Monday, November 4, 2013

Worry - A Familiar Chair

Today I had fully intended to write about Trust, but events this past weekend found me in a familiar place - worry.  My chair in this place is still warm because I haven't left it long enough for it to return to room temperature.

This weekend, I had the absolute honor to baptize my brother-in-love and then join him in baptizing my sister, signifying their recommitment to Christ. To be allowed by God and chosen by my family was more special and joyful than I can ever express!  I could feel the hands of the Holy Spirit gently hugging these precious moments with my family!

The event, however, was not without its hiccups. The enemy truly tried to interrupt the symbolic gesture, and if he couldn't interrupt, he wanted to steal the joy from this holy moment.

Baptizing my brother-in-love went smoothly, despite the fact that he is 6'5, being baptized by someone 12.5 inches shorter and in a 4 ft pool - could have been a recipe for either disaster or hilarity. Thankfully, the enemy left that moment alone. However, when it came time to baptize my sister, my words were stolen. Somehow I could not for the life of me remember the names of the triune God although I have recited them hundreds of times - Father, SON and the Holy Spirit. Three times I tried - Father.....Holy Spirit, Father....Holy Spirit, Father....Holy Spirit. Finally, I slipped the name of Jesus between Father and Holy Spirit and her husband I plunged my sister under water, raising her up in her new life of recommitment in Christ.  Celebration erupted in the pool and in the congregation! Success!

But the enemy was not yet done. As I exited the pool, my legs began to tremble and failed me, almost knocking me off of the ladder.  I stood at the base, afraid to move fearing my next step would include a full face plant on the floor. My sister rushed to my side, and within a few minutes (which seemed like eternity), I was once again able to walk. Take that enemy!
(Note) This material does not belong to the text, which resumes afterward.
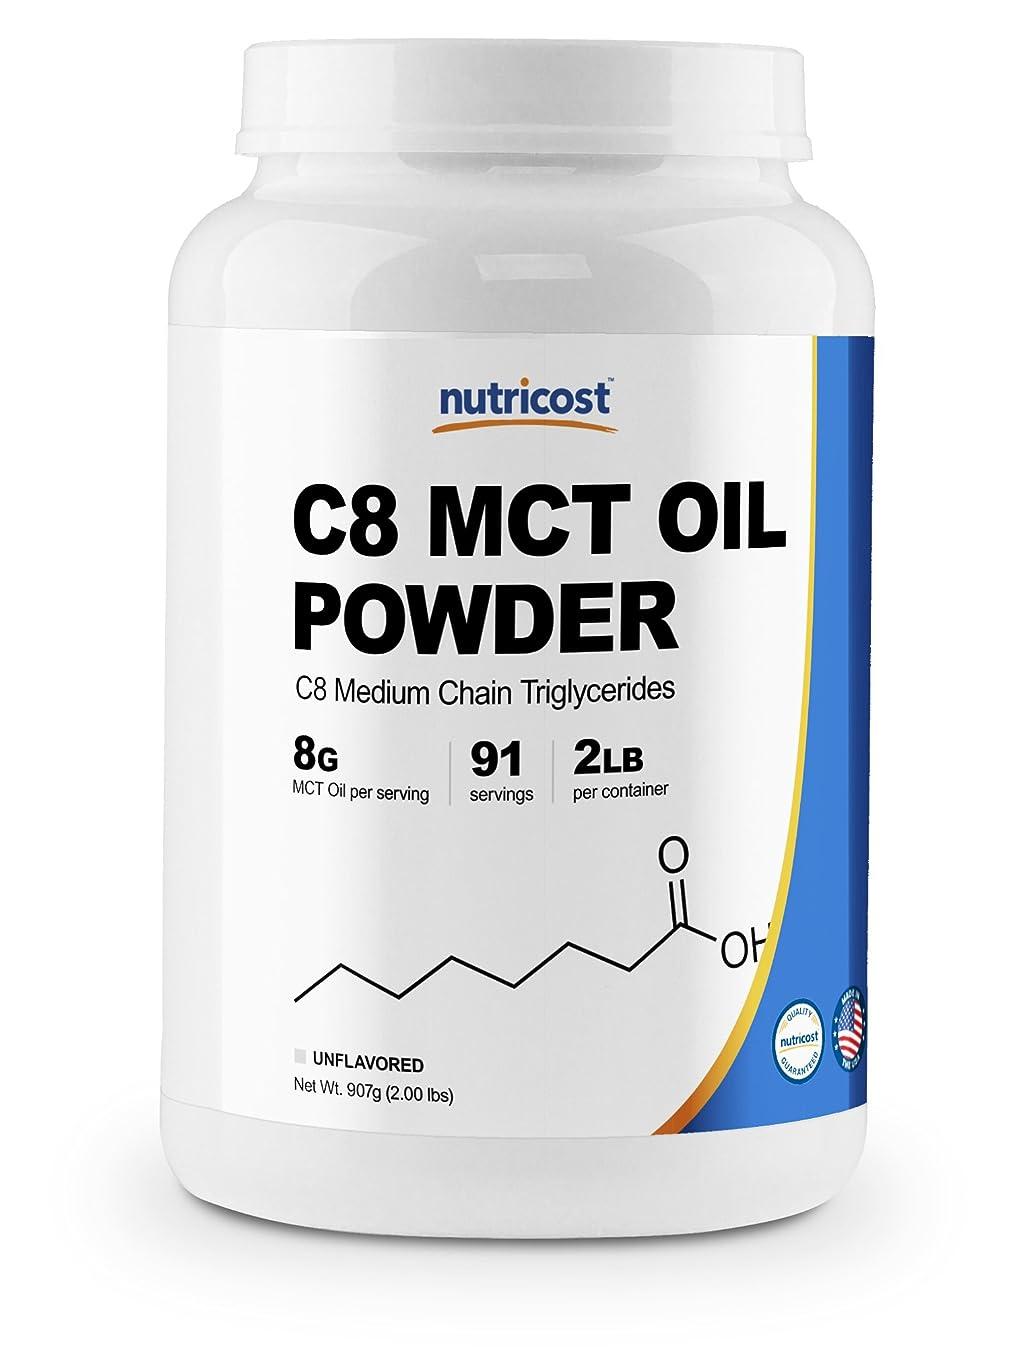 ターゲットアンケート分布Nutricost C8 MCT オイル パウダー 2LB(32オンス)、 95% C8 MCT オイル パウダー

Then, that afternoon as I reflected on the morning's events, I returned to my familiar place of worry. This was one more episode in an as-of-yet undiagnosed malady that I have been dealing with for months. What now God? Why can't the doctors figure this out? What if I'm crazy? What do people think? As my Father is so loving, He reminded me that I am significant to Him. He sees my every struggle, my every need, my every single desire. My Lord knows the resolution, and while this earthly body is troubled with something unknown to me, God is controlling the outcome. My job is to not lose faith, trust in Him, do His will, and reflect His glory.
You have searched me, Lord, and you know me. You know when I sit and when I rise; you perceive my thoughts from afar. You discern my going out and my lying down; you are familiar with all my ways. Before a word is on my tongue you, Lord, know it completely. You hem me in behind and before, and you lay your hand upon me. Such knowledge is too wonderful for me, too lofty for me to attain. Where can I go from your Spirit? Where can I flee from your presence? If I go up to the heavens, you are there; if I make my bed in the depths, you are there. If I rise on the wings of the dawn, if I settle on the far side of the sea, even there your hand will guide me, your right hand will hold me fast. If I say, “Surely the darkness will hide me and the light become night around me,” even the darkness will not be dark to you; the night will shine like the day, for darkness is as light to you. For you created my inmost being; you knit me together in my mother’s womb. I praise you because I am fearfully and wonderfully made; your works are wonderful, I know that full well. My frame was not hidden from you when I was made in the secret place, when I was woven together in the depths of the earth...Search me, God, and know my heart; test me and know my anxious thoughts. See if there is any offensive way in me, and lead me in the way everlasting. (Psalm 139:1-18,23-24 NIV)
It was God's will for me to participate in my sister and brother-in-love's recommitment and baptism, and He kept the enemy from winning. While the event didn't occur the way we expected, our Father knew how it would play out. God knows my every move. He has created me to be significant! And if I am faithful, The enemy will be defeated and God will be glorified - in the name of the Father, SON, and the Holy Spirit. Amen.